Sage opened it. Three lines. Thornwood reaching out to allied packs. Building political support. Framing the failed kidnapping as Blackridge aggression on neutral ground.

“The kidnapping wasn’t the endgame.” She tapped the timeline.

Jace’s expression went very still. “Thornwood filed a territory claim on the river corridor the same year Mason died. Two months after.”

The room went quiet.

She didn’t need to re-map what she’d learned in the locked box. Chester had killed Mason. Random. Terrible. But Garrett had watched that death and seen opportunity. Five deliberate kills in exactly the territory he’d been trying to acquire. She’d carried those names for years.

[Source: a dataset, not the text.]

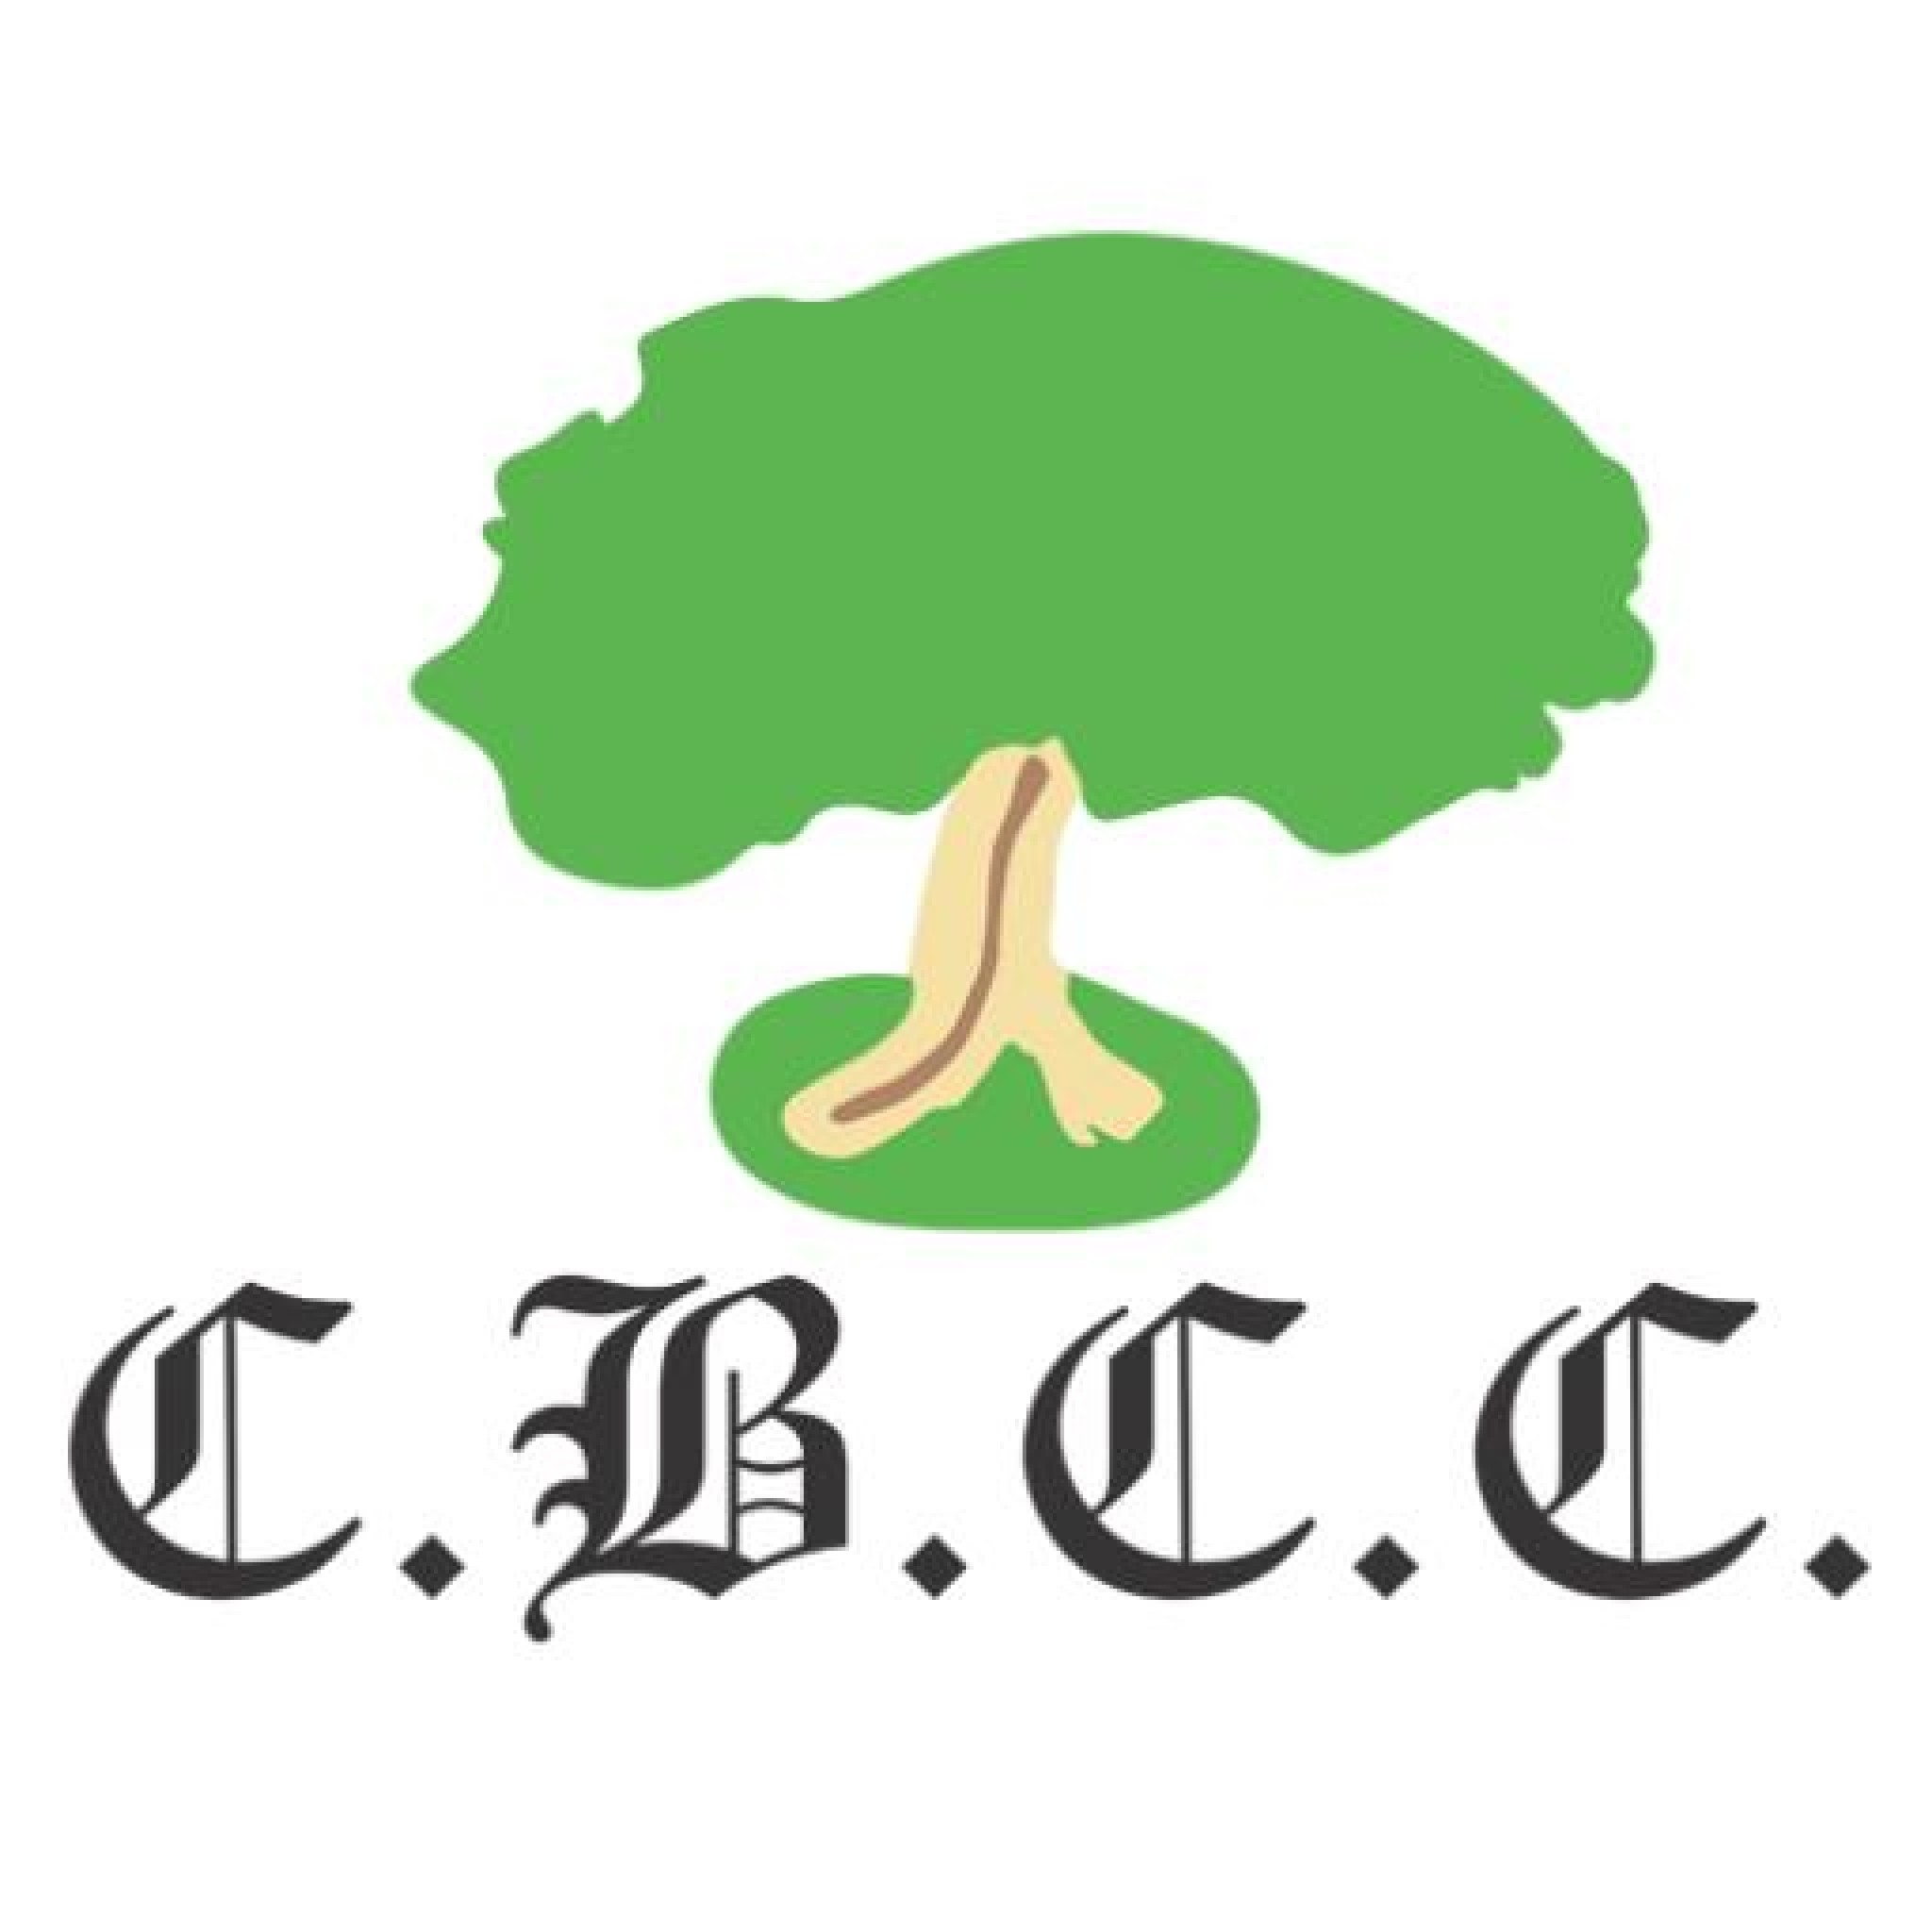 C.B.C.C.jpg

“Their names go in the brief.” Steady. Controlled. “They deserve to be in the record as people. Not territorial markers. Someone needs to say their names.”

“Five murders tied to a land grab.” She picked up the pen. “The evidence standards are higher than anything we have yet.”

“We don’t have it. Not yet.” Jace’s voice was quiet. Absolute. “But when we do, Garrett answers for it.”

She straightened. “Not just him. All five of them deserve a case, not a footnote.”

“I can do that.” Sage straightened. “I’ll have a full counter-narrative inside a week.”

Jace gave a single nod. “Then get started.”

The compound was quiet around them. Wolves on watch.

Sage set down her pen.

Jace paused at the door. “This is exactly why we need you.”

He left. Rhys stood, winced once at the knee, and followed without a word.

Back to her records.

She could feel Declan from the cabin. Steady. Trusting.

She’d tell him in the morning. Tonight, she’d let him rest.

Sage pulled a fresh sheet of paper toward her and began to write.